The Tar Heels lead the series with the Cavaliers, 59-53-4, and have won two straight against their rivals to the north for the first time in nearly three decades. Saturday’s game will be the 117th meeting between these two programs, which ranks fifth nationally in most games played between two schools.
North Carolina (6-4, 3-3 ACC) opened as a 6.0-point favorite over Virginia (4-6, 2-4 ACC), but that spread has since dropped to 3.5 points. That type of move likely reflects the recent play of both teams.
The Cavaliers had lost six straight games heading into their bye week at the end of October, but have since found an offensive rhythm to go along with a steady defense to win their last two games over N.C. State (33-6) and Miami (41-40). The Tar Heels, on the other hand, have dropped two of their last three while giving up a combined 136 points.
Georgia Tech scored a Kenan Stadium-record number of points in its 68-50 victory over UNC last weekend.
“Right now, I don’t think we’re where we want to be,” associate head coach for defense Vic Koenning told reporters on Tuesday. “We’ve had three games in a row where we’ve given up too many yards, too many points.”
Four weeks ago, North Carolina ranked 14th nationally in rushing defense (99.7), 22nd in scoring defense (17.3) and 22nd in total defense (327.0). UNC now ranks 36th in rushing defense (137.9), 56th in scoring defense (25.7) and 60th in total defense (392.1),
The Tar Heel players didn’t even watch game film of the record-setting loss on Sunday. While there are negatives associated with playing after a short week, UNC is approaching it as a positive to get back on the field as quickly as possible.
”Either way, we are going to say it's good, because that's the only way you can approach it is that it's good,” head coach Larry Fedora said on Wednesday. “You have a bad taste in your mouth, you only have a few days and hopefully you get that bad taste out of your mouth so you don't have to wait all the way until Saturday.
“I think our guys have handled the short week well in practices, the way they have done it, gone about it; their maturity, the way we have wanted to have energy out there but also be able to take something off of them. But I guess the real proof is going to be how we play Thursday night.”
Virginia head coach Mike London has received plenty of criticism this season for alternating Michael Rocco (136-of-221, 1585 yards, 12 TD, 8 INT) and Alabama transfer Phillip Sims (103- of-179, 1203 yards, 8 TD, 4 INT). That talk has quieted down in November as the Cavaliers are averaging 37.0 points and 464 yards over their past two games.
“I know that it's not the most conventional, but each team has to decide what's in the best interests of the team and what's going to move the team forward,” London said on Wednesday. “I've always said between those two guys, what makes it easier is that Michael is selfless and so is Phillip. They just want the team to win. They want to do whatever their part is to help us win.”
London also said that it’s imperative for his offense to put points on the board to offset UNC’s lethal offensive attack. Virginia has held UNC to 27 points or less in all but four games since 1979, but the Cavaliers have never encountered a Tar Heel offense quite like Larry Fedora’s spread look.

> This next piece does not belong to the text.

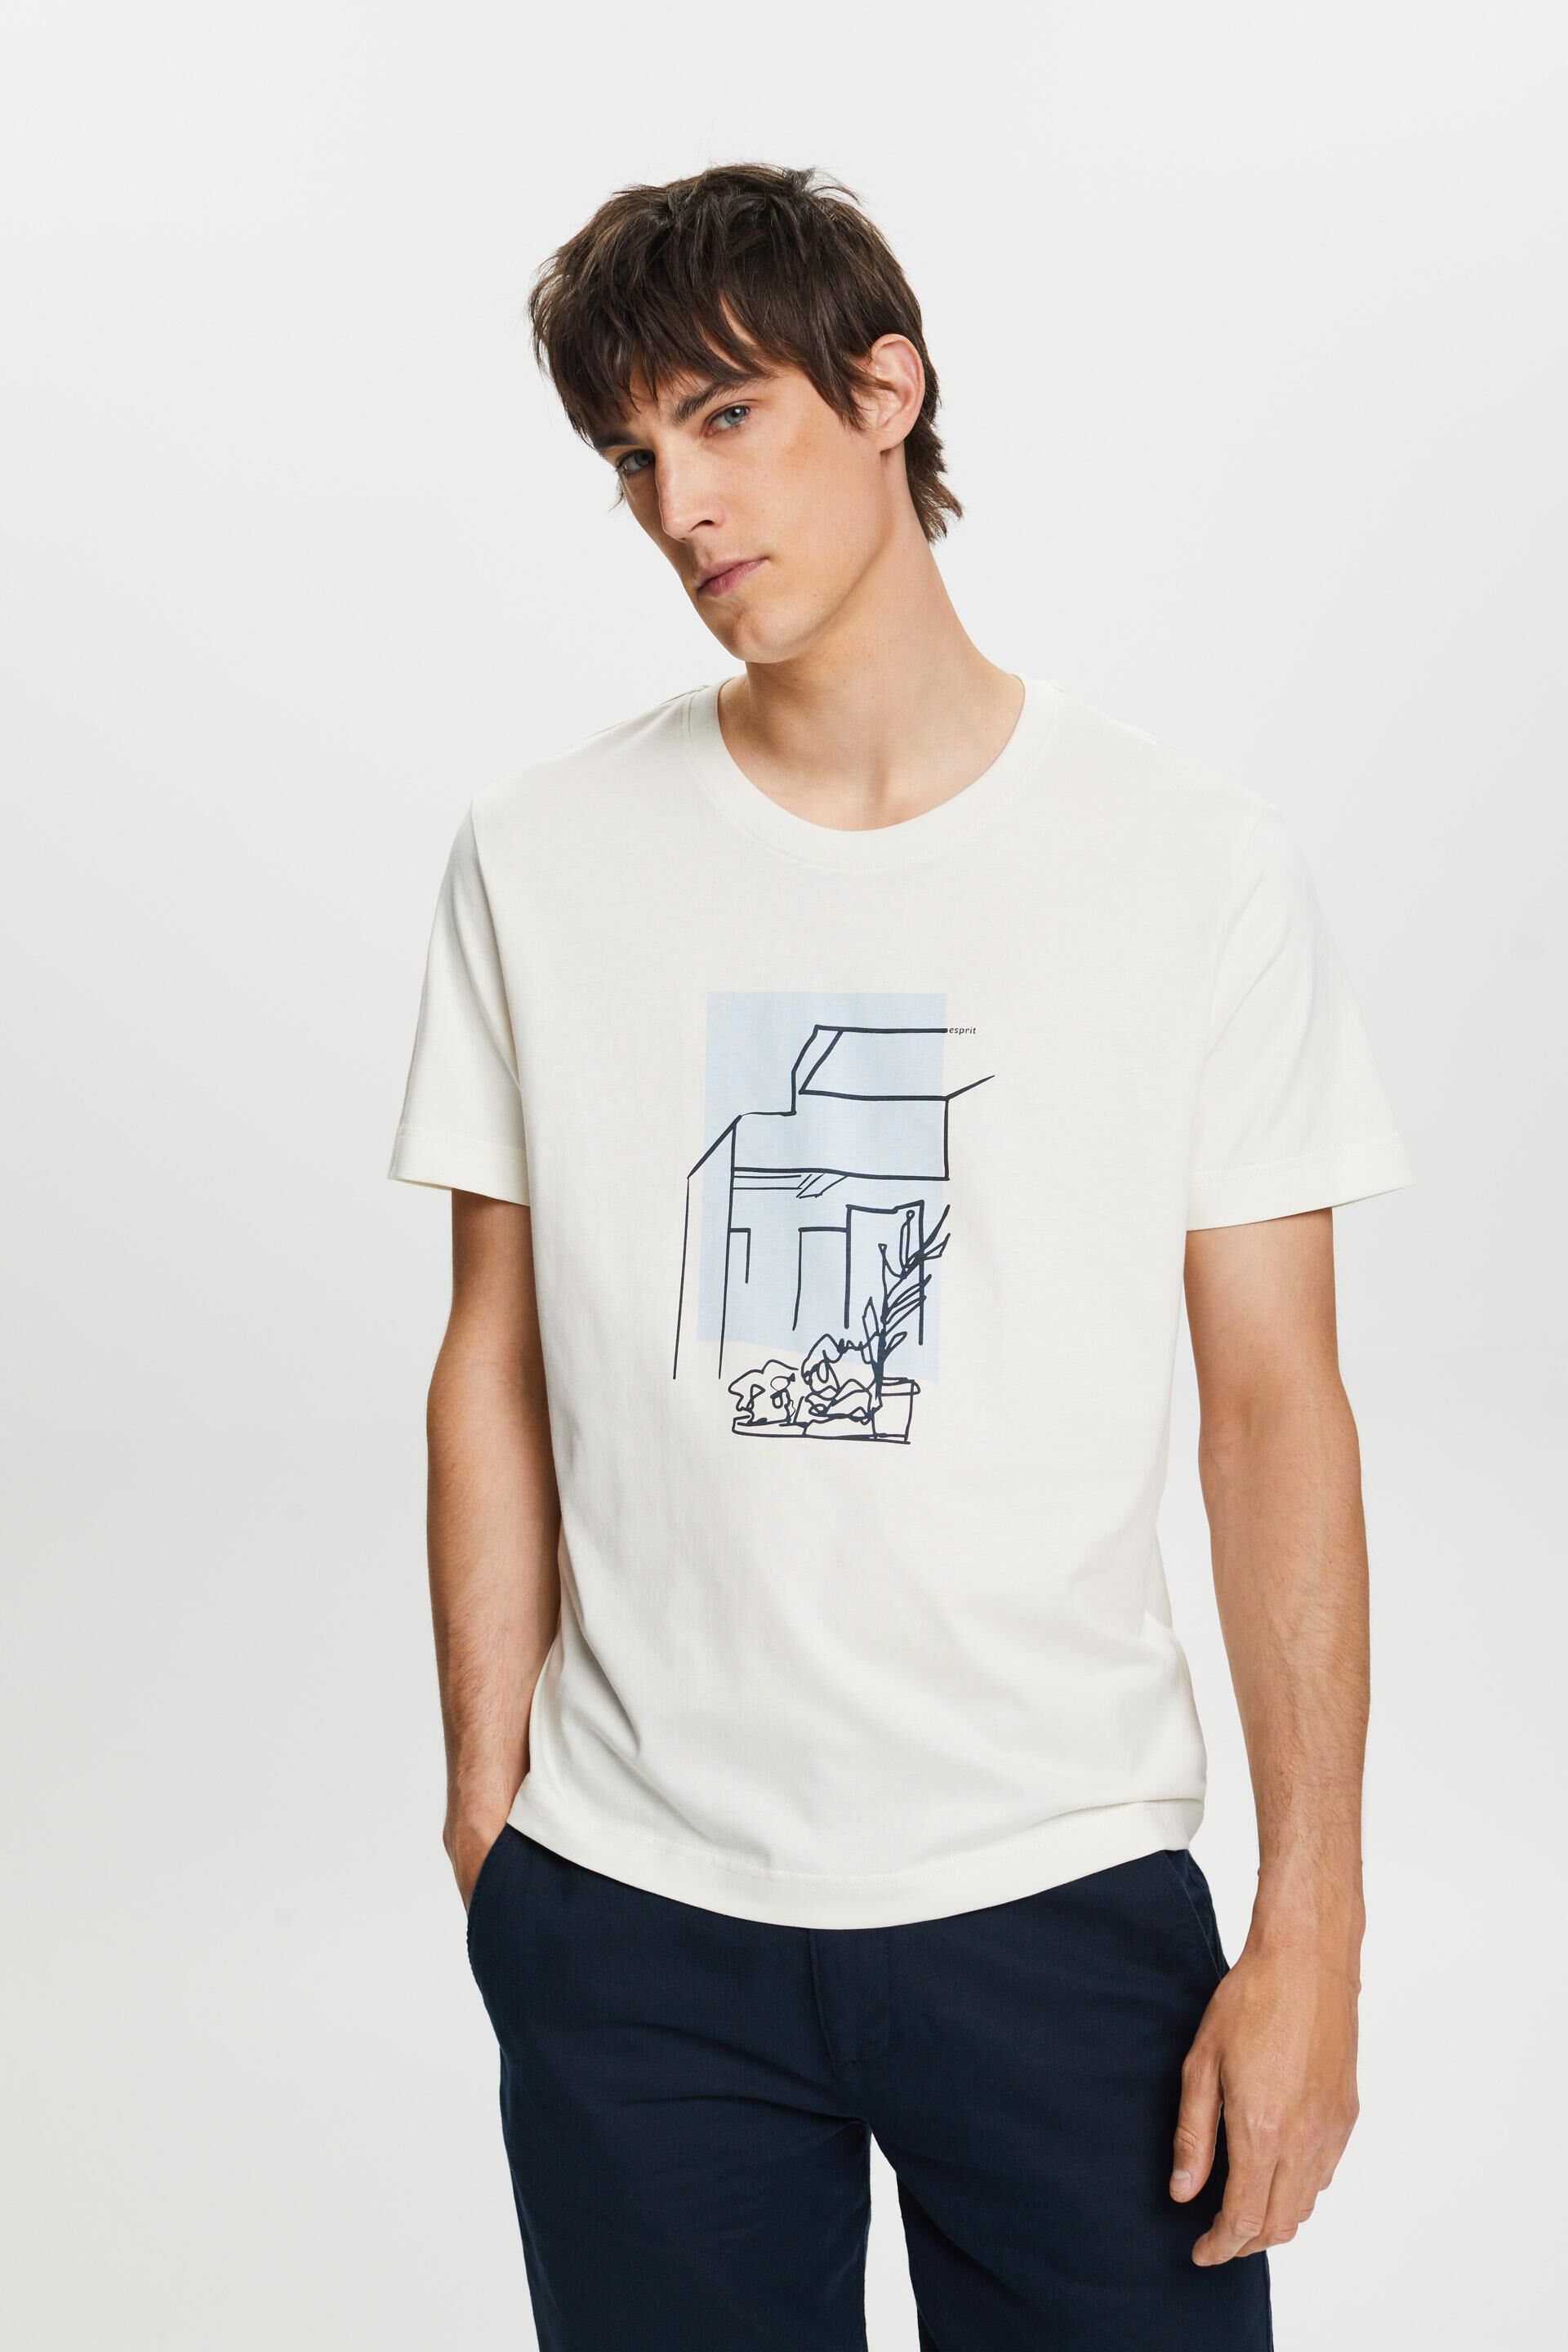 Esprit cotton 100% with print, T-shirt front
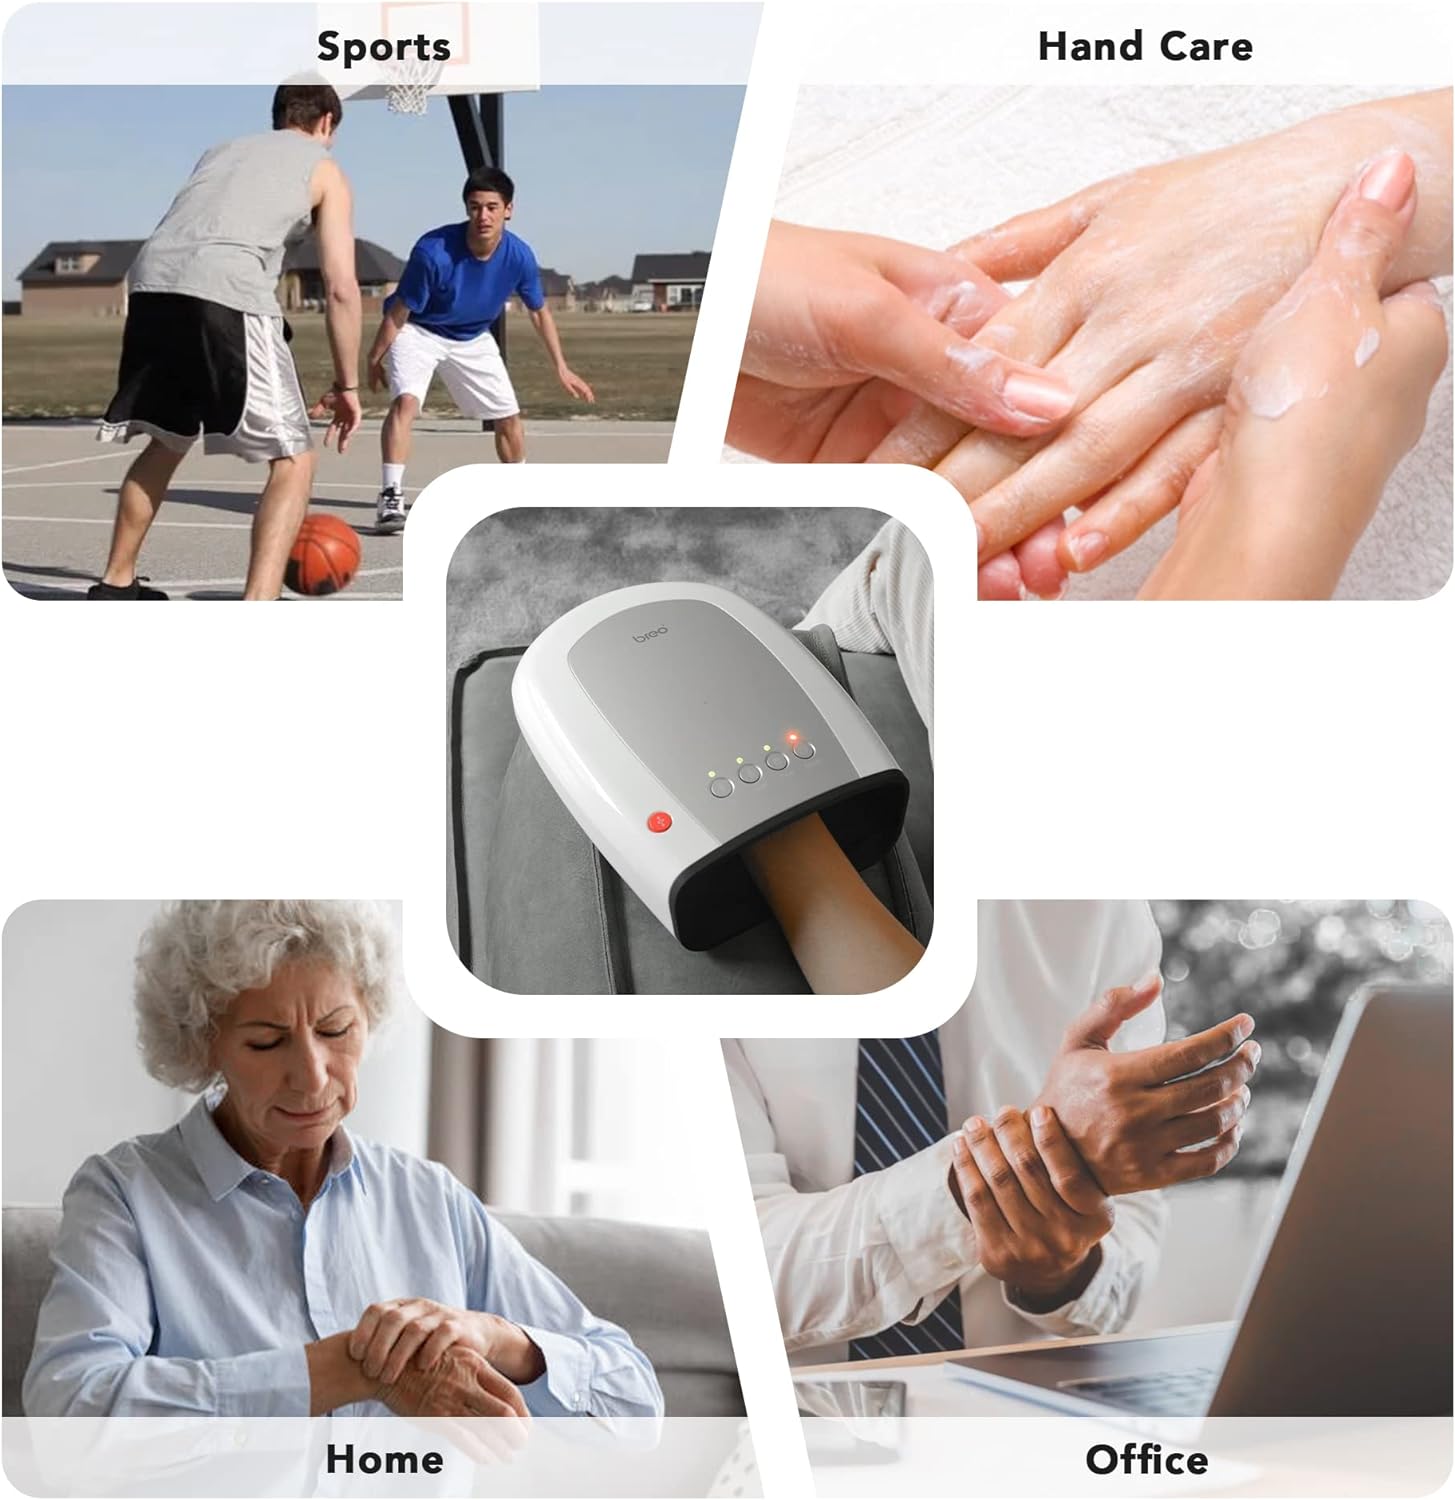 ماساژور دستی با گرما و فشرده سازی مدل Breo iPalm520e Electric Hand Massager - ارسال 25 الی 30 روز کاری

UNC is averaging 448.7 yards per game (15th nationally), which is nearly 47 yards more per game that the school’s single-season record of 441.8 set in 1983. The Tar Heels rank 10th nationally in scoring offense (40.5) and are one of only nine FBS programs averaging 250 passing and 200 rushing yards per game.
Sophomore running Gio Bernard, a frontrunner for ACC Player of the Year honors and a fringe Heisman candidate, headlines Fedora’s offensive attack, ranking top-10 nationally in four statistical categories – scoring (2nd), all-purpose yards (3rd), punt return average (4th) and rushing (8th).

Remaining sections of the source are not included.